Although, as we will see later on, the Portuguese women's Futsal team is one of the strongest in the world, the first notes on an official national competition only date back to 1996.

 

Held between 1996 and 2013, the so-called Senior Futsal Women's National Cup was a competition organized by the FPF played by the winners of the district championships and the runners-up of the best placed soccer associations.

 

In the 2013-2014 season, the FPF decided to reformulate the competition and thus was born the National Women's Futsal Championship that after an initial phase in which the teams were divided into the Northern and Southern Zones, brought together the top four teams from each zone in a second round of the championship qualifying phase played in a two-round mini-championship mode. The first Portuguese Female Futsal champion club was CR Golpilheira. Again GD, FC Vermoim and Benfica (four titles) were the teams that, to date, managed to become national champions of women's Futsal. Note also for a change in the format of the championship for the 2021-2022 season with the end of division into zones.

 

Although we still can't shout "Portugal is Futsal World Champion!" or "Portugal is two-time European Futsal Champion!" as happens in men's Futsal, these and other club teams are the breeding grounds from which futsal players have emerged and are still emerging who, like Ricardinho and Zicky Té, have put Portugal at the top of world women's Futsal.
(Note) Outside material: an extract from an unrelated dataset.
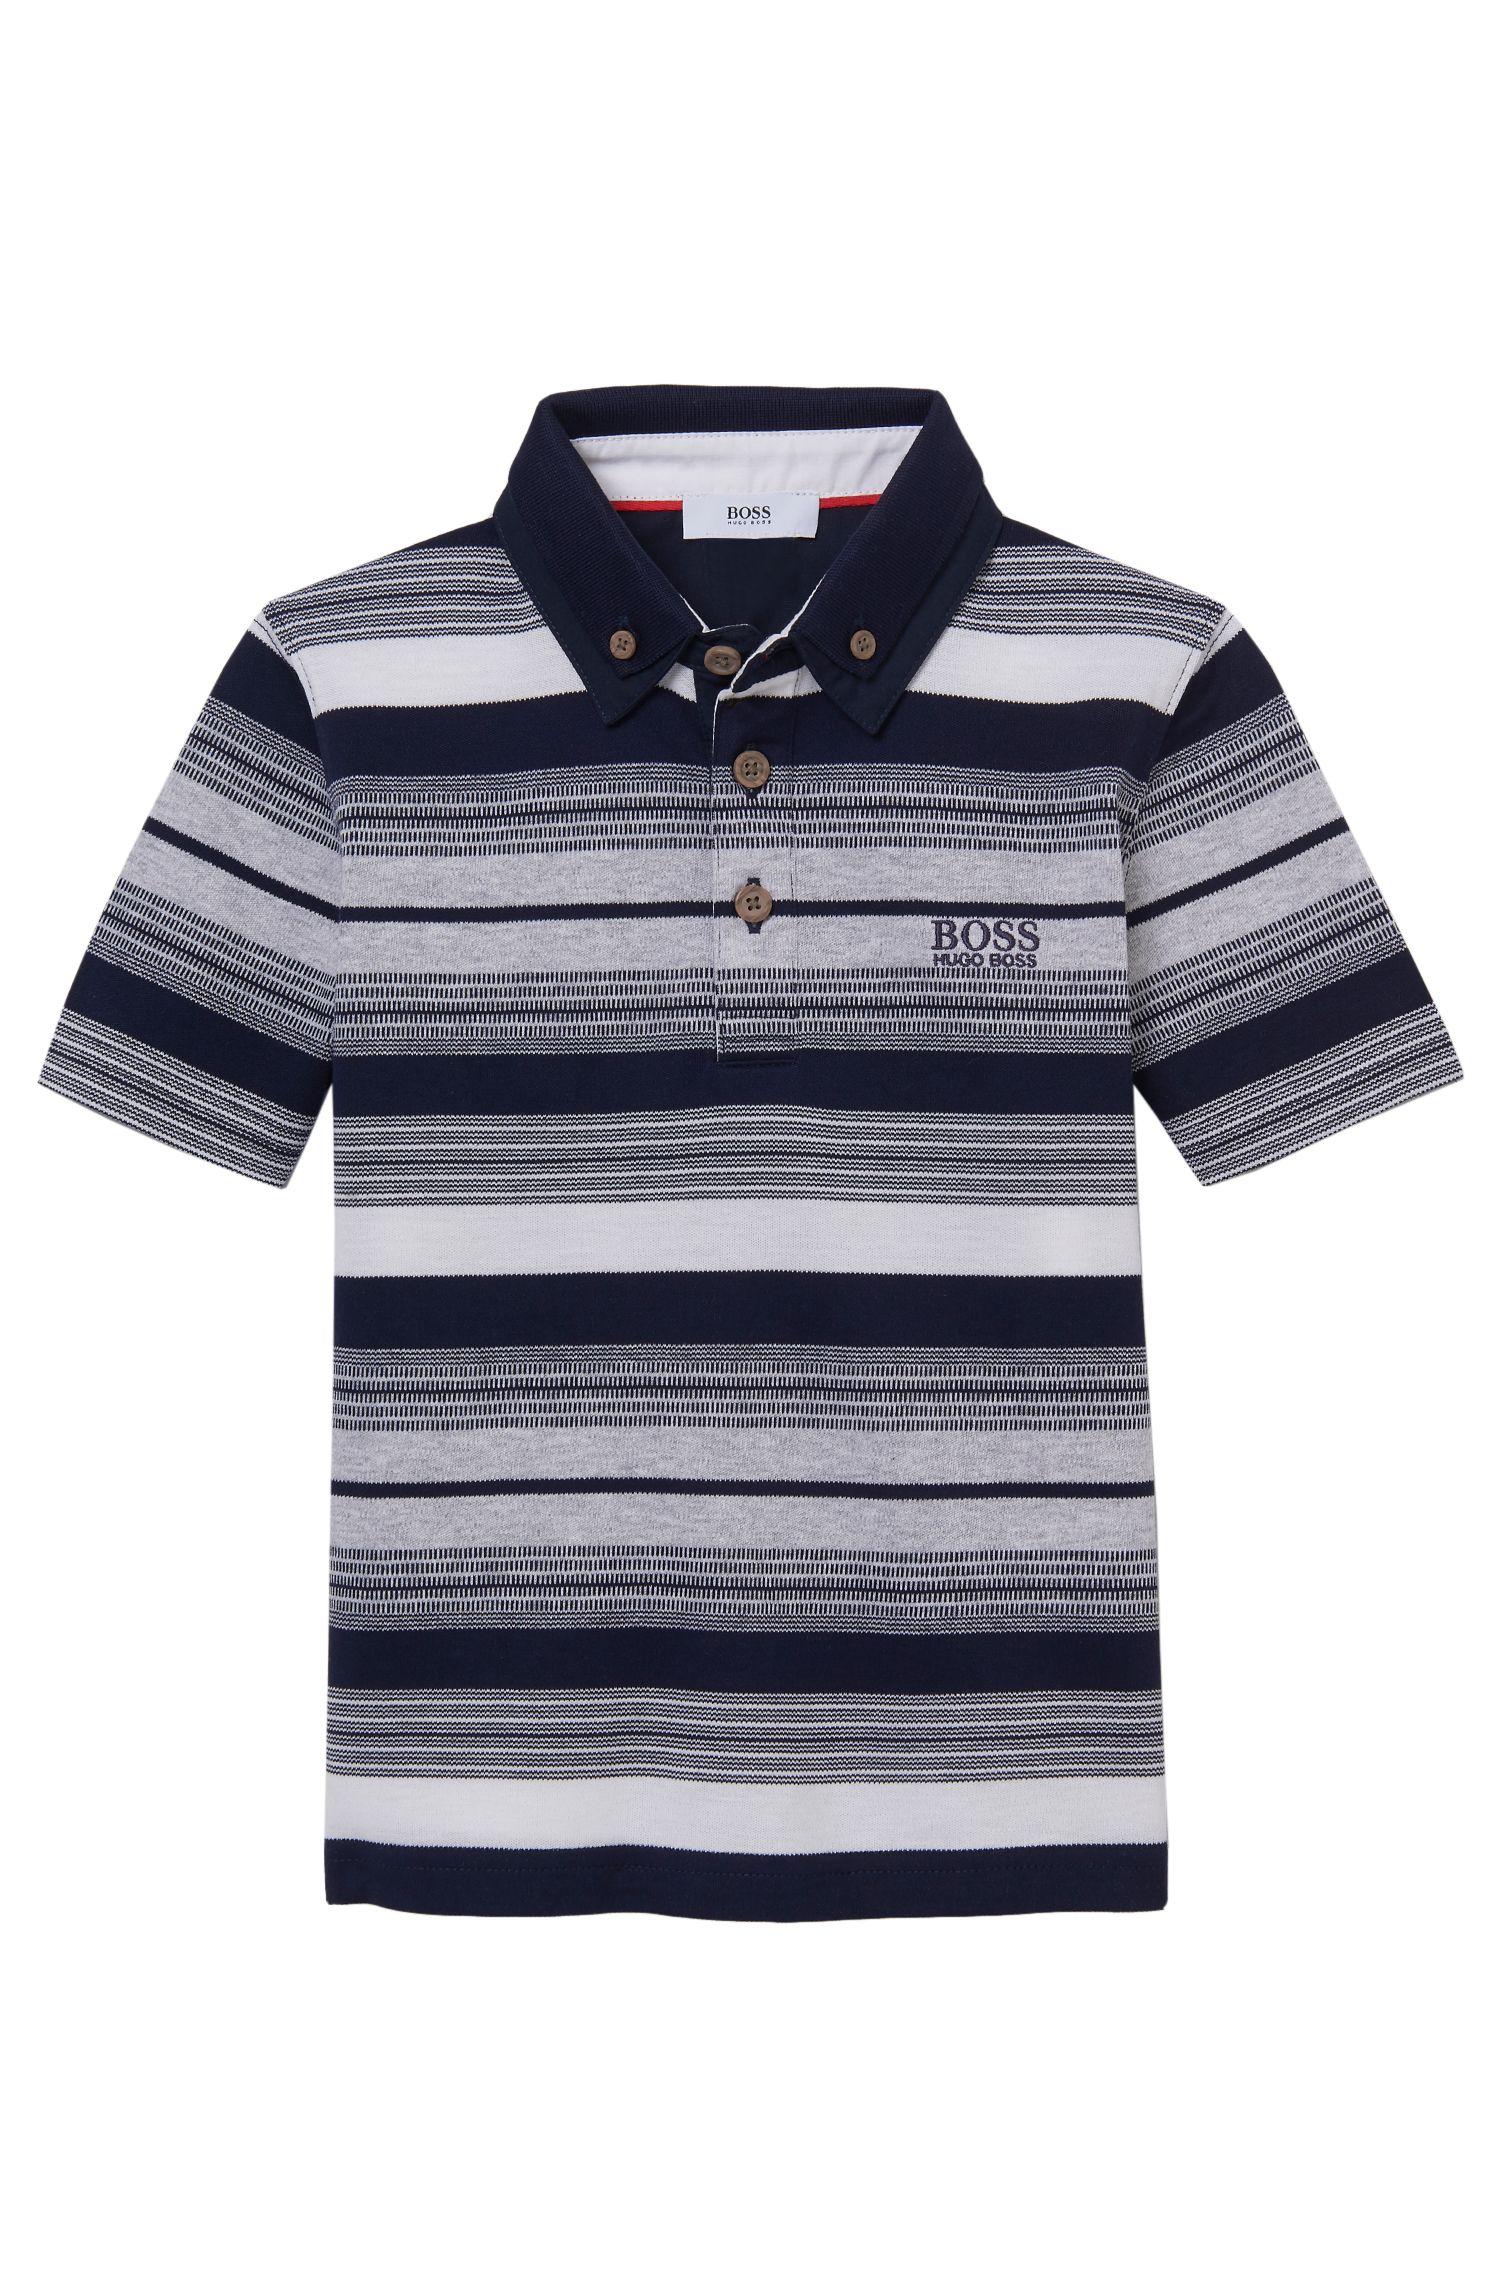 'J25913' | Boys Stretch Cotton Striped Polo Shirt

Fifó, one of the few Portuguese women's futsal players playing outside the country professionally, Pisko or Ana Catarina are some of those names that, in the first European Women's Futsal Championship held in Gondomar, led Portugal to the silver medal.

 

Even though some of these stars have not yet had the opportunity to play in women's futsal world championships, their predecessors managed to reach the final on two more occasions, besides the aforementioned second place in the first World Tournament held in Spain (2010), one of which was during the 2012 World Tournament held in Portugal (Oliveira de Azeméis) in front of around 5 thousand spectators.